While advantages exist, cold storage requires energy and has an associated carbon footprint that needs to be considered. However, in the PNW a significant portion of the energy production comes from relatively cleaner hydropower and cold storage structures typically have solar panels on the roof. The land footprint of these structures also tend to be relatively small with the potential for 10,000–80,000 colonies housed in a single structure. Moreover, given longer times in cold storage are more beneficial, any advancement in bloom time under climate change may reduce the benefits of cold storage by forcing bees to be removed out of cold storage sooner than ideal. However, overwintering in cold storage will be significantly better than not even in these conditions.

Predictions from our study are based on managed honeybee colonies that experienced warmer falls and winters in the PNW. However, some of our findings might presage how feral and managed honey bee colonies in other geographic areas will respond to higher fall and winter temperatures. Feral honey bees might adapt by extending or increasing brood rearing in the fall, and restarting brood-rearing earlier in the spring as honey bees do in southern latitudes. However, the potential for such adaptations in temperate areas with periodic freezes is unclear, as flowering plants would need to be available to support brood rearing. Extending the period of brood rearing in the fall could negatively affect the colony, as it might preclude the formation of winter bees and the storage of nutrients in their fat bodies to sustain them during periods of confinement in the hive when the weather turns cold. Feral honey bees also could respond to the changing climate as non-Apis bees (e.g., bumblebees) have by local range contraction, and dispersal into previously marginal areas63,64. Feral honey bees might disperse to northern latitudes or higher elevations with conditions similar to Omak, as these areas could remain favorable for overwintering. Honey bees also could migrate to southern latitudes and forego overwintering. While feral colonies will need to adapt to survive, managed colonies will need beekeeping practices to adapt to future climate conditions. Methods developed for outdoor overwintering based on conditions where bees are mostly confined in the hive from mid-fall to early spring may not be applicable in regions where future weather will be similar to or warmer than Richland. Instead, overwintering management of colonies in lower elevations and southern regions of the temperate zones will need to include preparations for movement either to more northern or southern latitudes or into cold storage.

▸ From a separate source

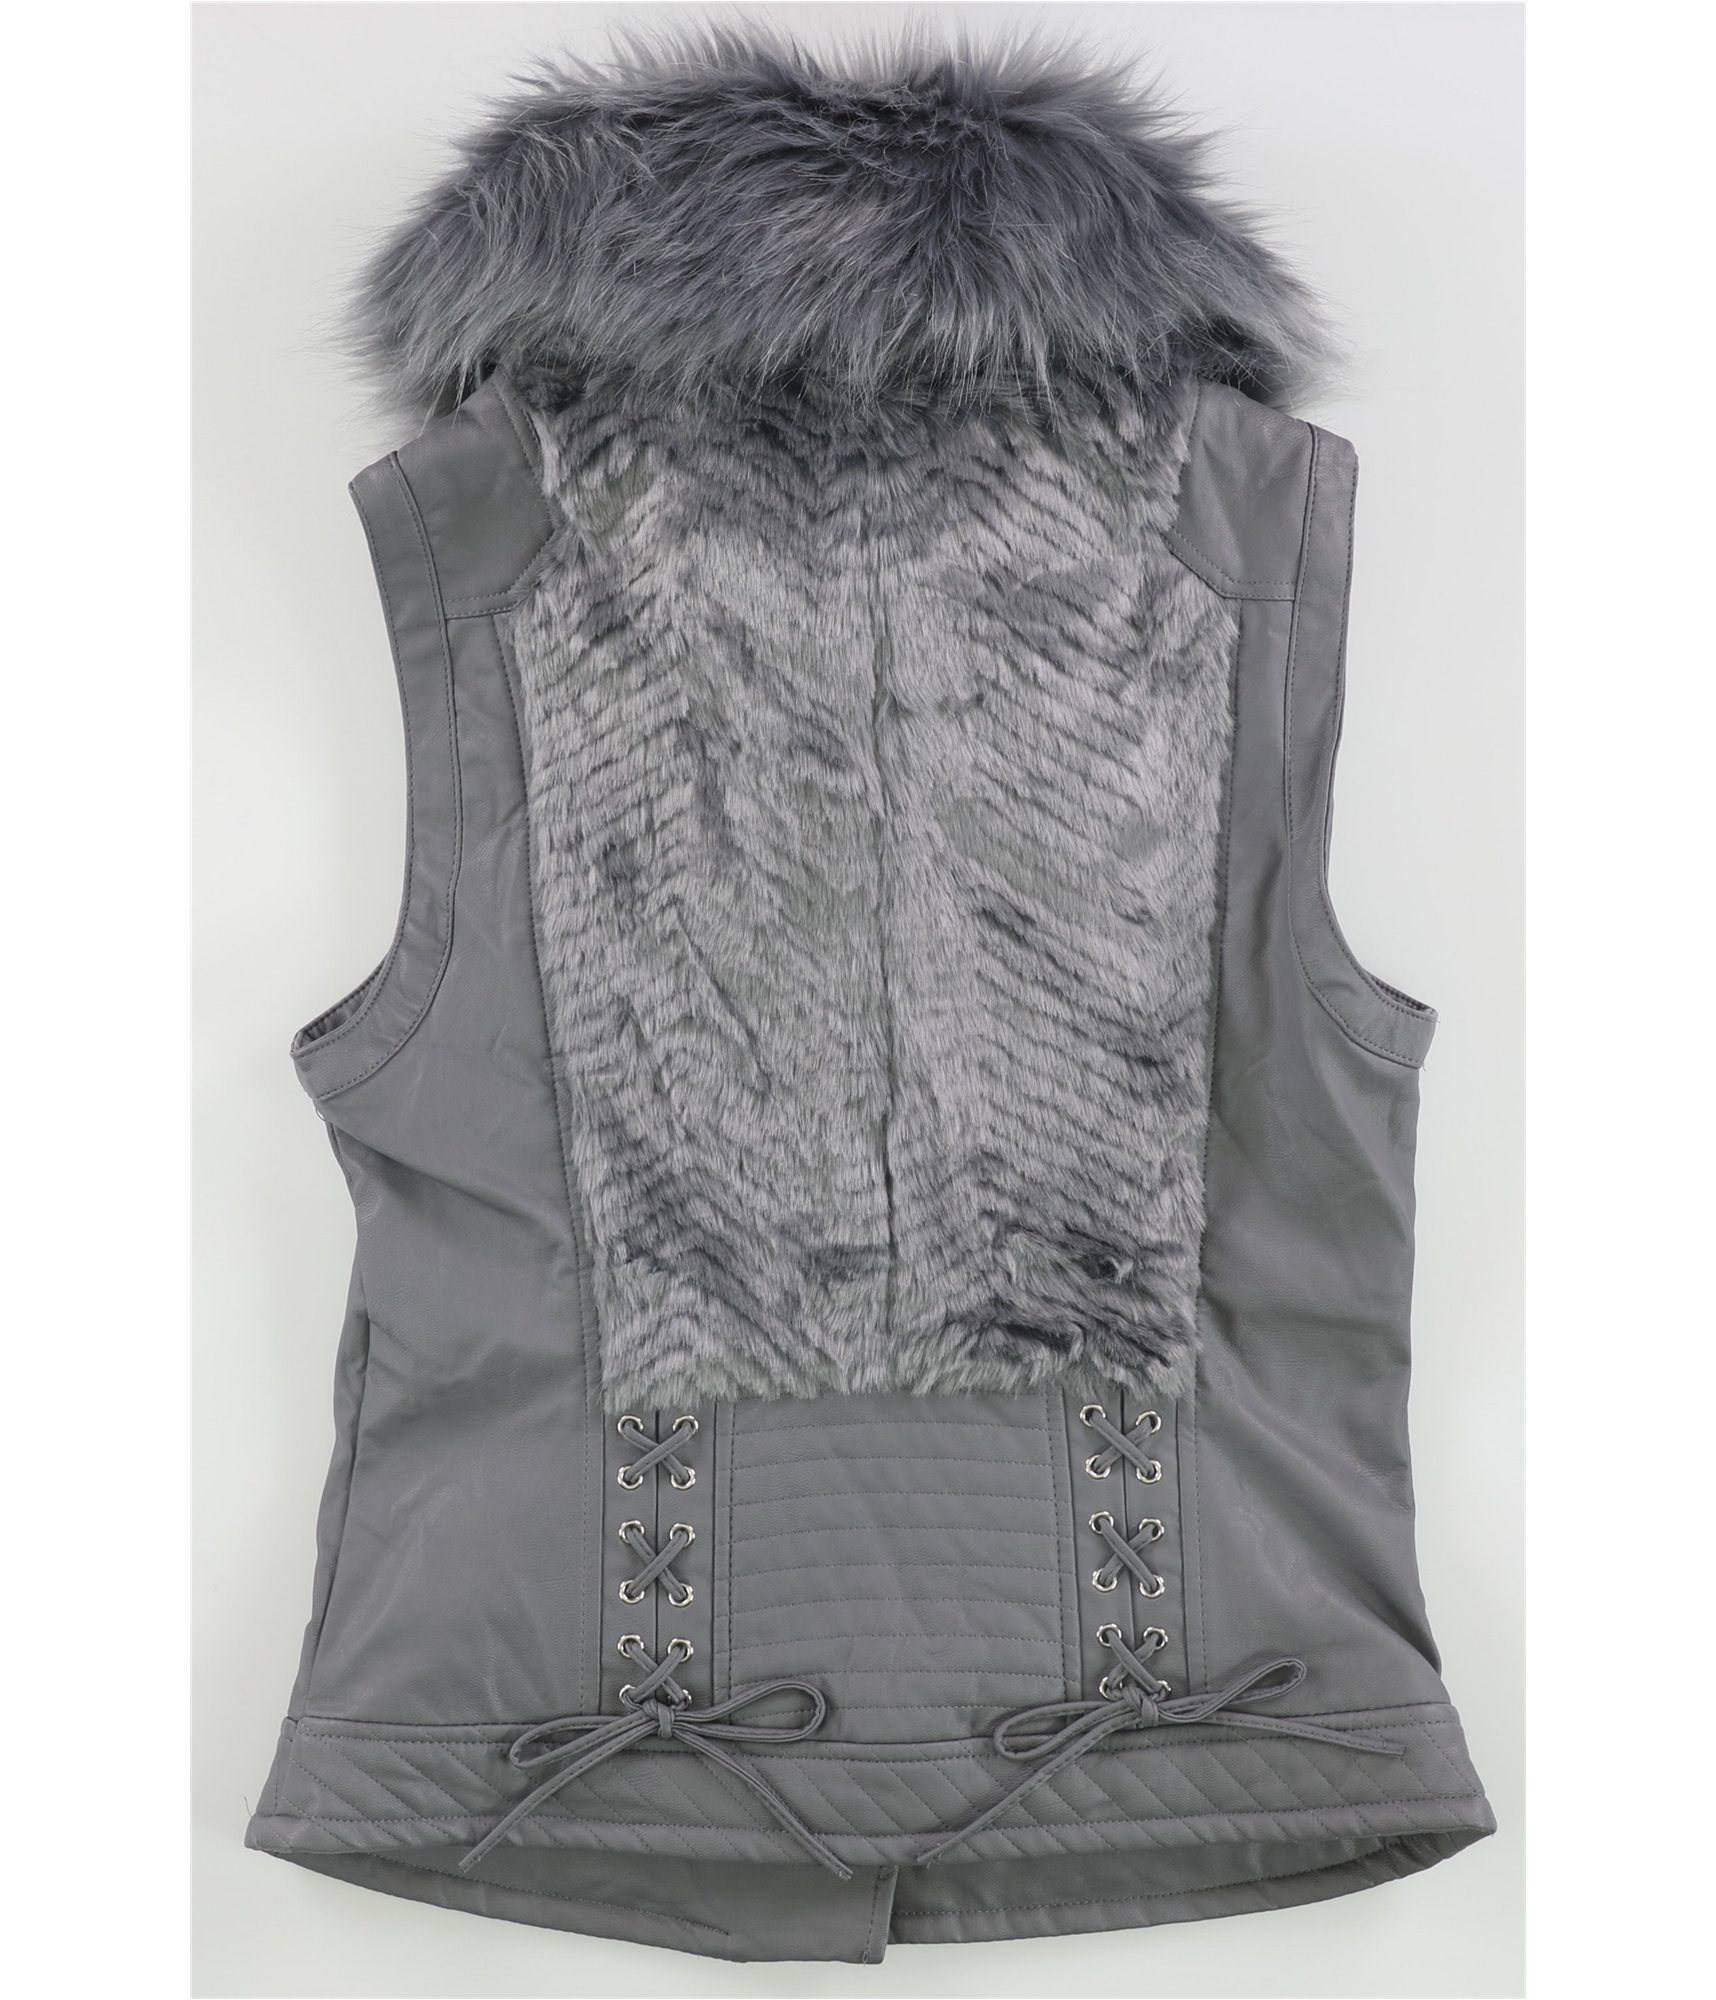 Guess Womens Posh Faux Leather & Faux Fur Vest | eBay

While autumn has historically been a time of preparation for winter hibernation and confinement, climate change is making it a crucible that defines the ranges and diversity of species across habitats. For honey bees, climate change will also dictate how colonies are managed in winter to avoid high losses. The success of the management schemes will have broad implications for the socio-economic viability of the beekeeping industry, the production of crops that rely on honey bee pollination, and food and nutritional security.